Longer term solution

Model 9:
Transforming semi-formal sector institutions into formal sector institutions through gaining official license to provide financial services
Model 10:
Formalisation and integration of semi-formal sector institutions through merger or acquisition with/of semiformal sector institutions.

The key constraints to integrating the formal, semi-formal and informal markets for financial services are - an overall lack of confidence among all intermediaries, poor legal and regulatory systems, and problems in institutions that combine to undermine an environment for secured transactions.

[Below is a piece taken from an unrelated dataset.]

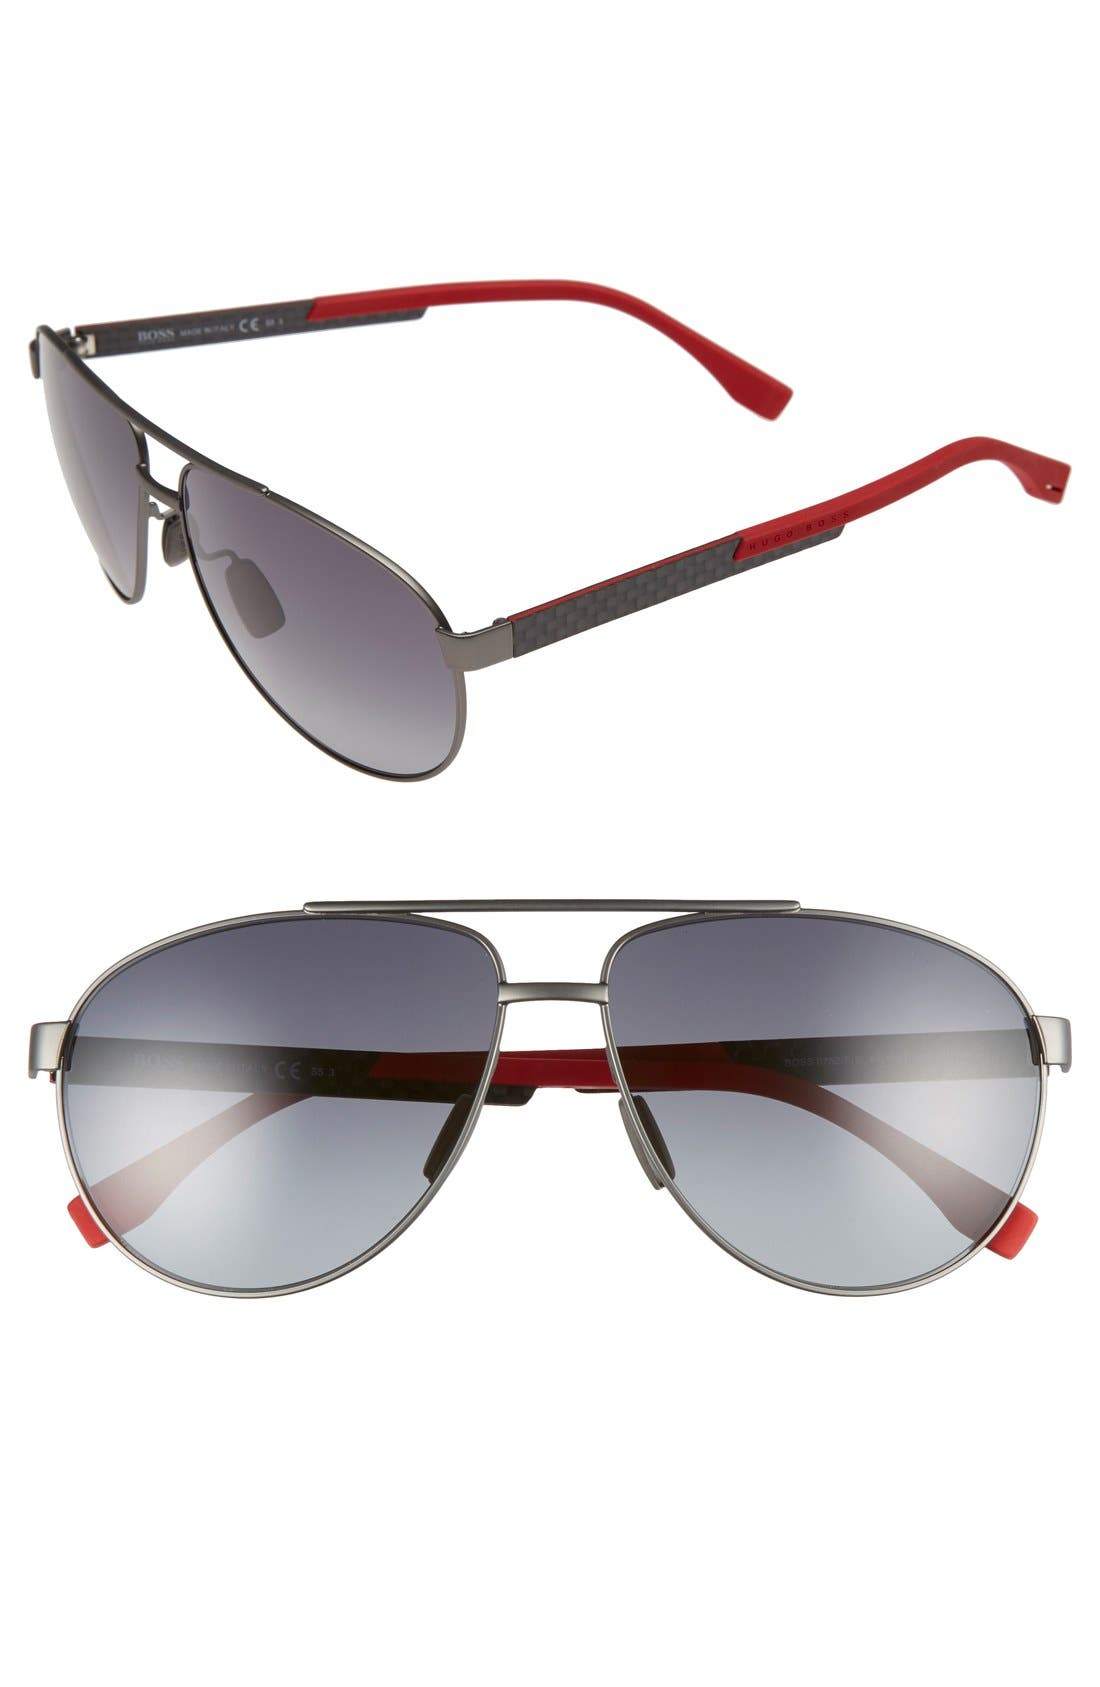 63mm Aviator Sunglasses,                         Main,                         color, 043

Lack of confidence remains the overarching constraint to secured transaction among the sectors offering financial services. This can be attributed to environmental, procedural and institutional deficiencies.

Procedural

  • Poor and inconsistant accounting procedures and standards used by the semi-formal sector institutions.
  • Poor reporting of actual financial performance by the semi-formal sector institutions.
Environmental
  • Quasi-legal mandate of the semi-formal sector institutions to provide financial services.
  • No legal uniform standards and guidelines for by the semi-formal sector institutions nor is there a framework to maintain compliance.
Institutional
  • Poor legal mechanism to enforce contracts
  • Lack of legal provision to create a range of security interest that go beyond immovable property as collateral.
  • High cost of screening and registering security interests.
  • Lack of understanding among formal financial sector institutions of the principles and potential institutional benefits of microfinance.

Agenda for Action

The experts made numerous recommendations, out of which seven were identified as most critical. These include:

  • Concerned parties should immediately initiate and establish a credit rating / information bureau to permit simple and accurate scoring of quality of chattel paper and accounts receivable; publicise repayment success and performance; register security interests where information on existing liens is easily available.
  • Initiate discussion and reach consensus between formal and semi-formal sector institutions on agreed standards of accounting, audit and of acceptable performance.
  • Reach agree on a list of reliable auditing firms to reduce the overall cost of screening and supervision of semi-formal sector institutions.
  • Undertake further research on institutional and environmental barriers to contribute to the discussion on areas of policy reform and options for reform.
  • Policy makers and researchers should undertake greater research on informal markets and their implication in developing financial services for the poor.
  • Enactment of laws that permit a wider range of security interests including a regulatory and enforcement framework that can inculcate confidence among market players.
  • Educate senior managers and Board of Directors of formal sector institutions on principles and performance of microfinance and the potential this sector offers.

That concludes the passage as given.